MET | Remote Sensing and Data Management department | The RSDM maintains the responsibility for alignment and coordination with national and international standardisation efforts and modern data management procedures, with participation of other units as required. |
Practical guides
This chapter includes how-to’s and other practical guidance for data producers.
Create a Data Management Plan (DMP)
A Data Management Plan (DMP) is a document that describes textually how the data life cycle management will be carried out for datasets used and produced in specific projects. Generally, these are externally financed projects for which such documentation is required by funding agencies. However, larger internal projects covering many datasets may also find it beneficial to create a specific document of this type.
The funding agency of your project will usually provide requirements, guidelines or a template for the DMP. If this is not the case, Science Europe offers a comprehensive Practical guide of research data management.

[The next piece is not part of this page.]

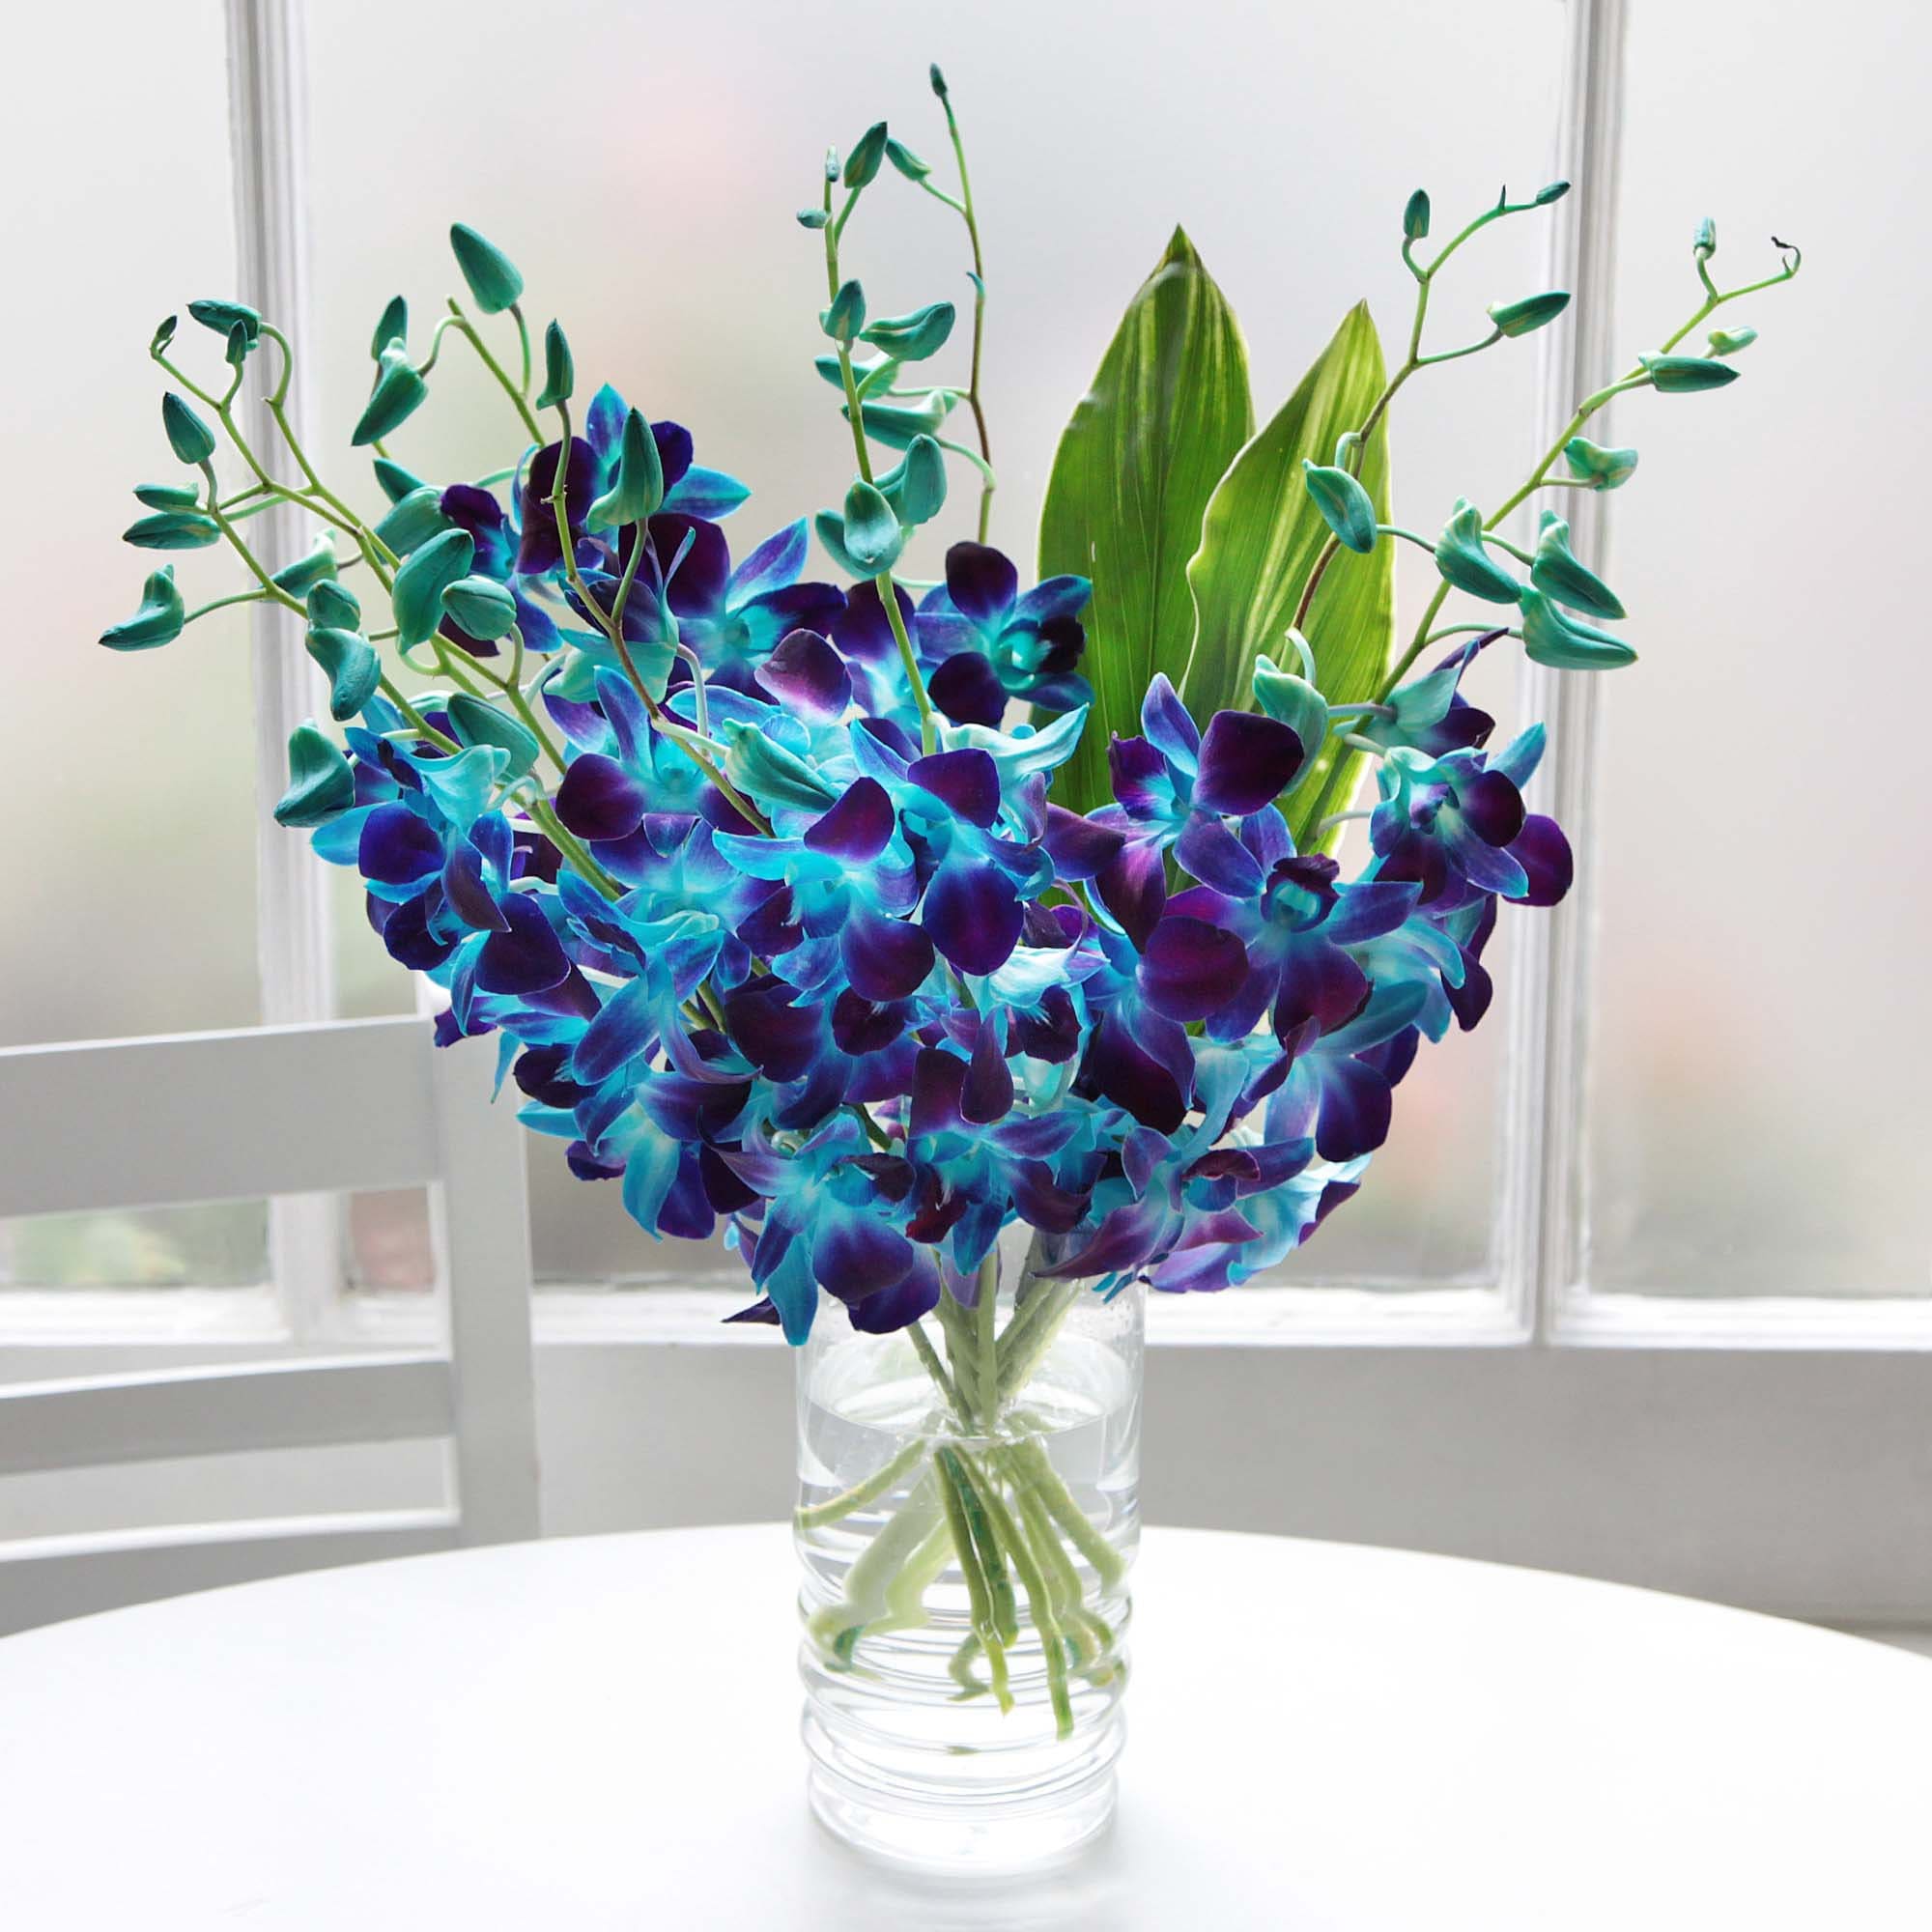 12 Stems of Fresh Cut Imported Electric Blue Orchids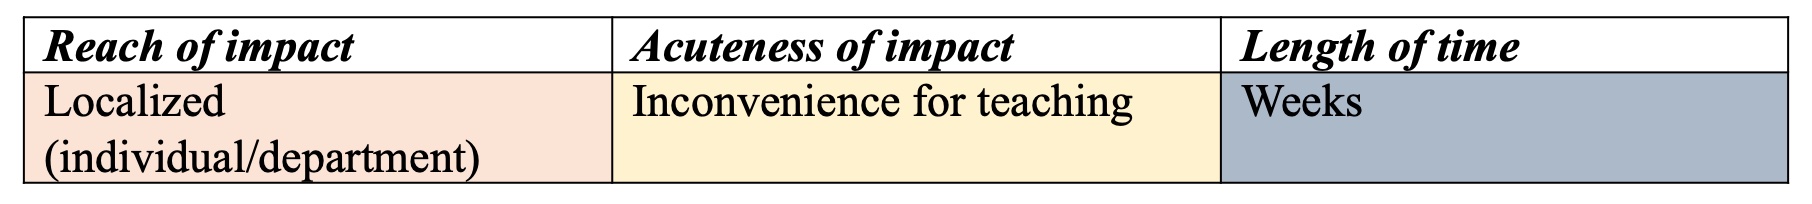 A table with three columns and one row. The columns are labeled from left to right: Reach of Impact, Acuteness of Impact, and Length of Time. From left to right the descriptions under each of these columns is: Localized (individual/department), Inconvenience for teaching, and Weeks.

For researchers with no or little experience in data management, a simple way of creating a DMP is with EasyDMP
Using easyDMP
-
Log in to easyDMP, use Dataporten if your institution supports that, otherwise pick one of the other login methods.
-
Click on + Create a new plan and pick a template
-
By using the Summary button from page two and on, you can get an overview of all the questions.
Publishing the plan
Currently you can use the export function in easyDMP to download an HTML or PDF version of the DMP and use it further. This might change if "Hosted DMP" gets implemented.
Introduction
NetCDF (Network Common Data Form) is a format designed to facilitate handling of array-oriented scientific data. For a more detailed description, please visit Unidata's NetCDF user's guide.
Submitting data as NetCDF-CF
Workflow
- Define your dataset
- Create a NetCDF-CF file
- Add discovery metadata as global attributes (see global attibutes section)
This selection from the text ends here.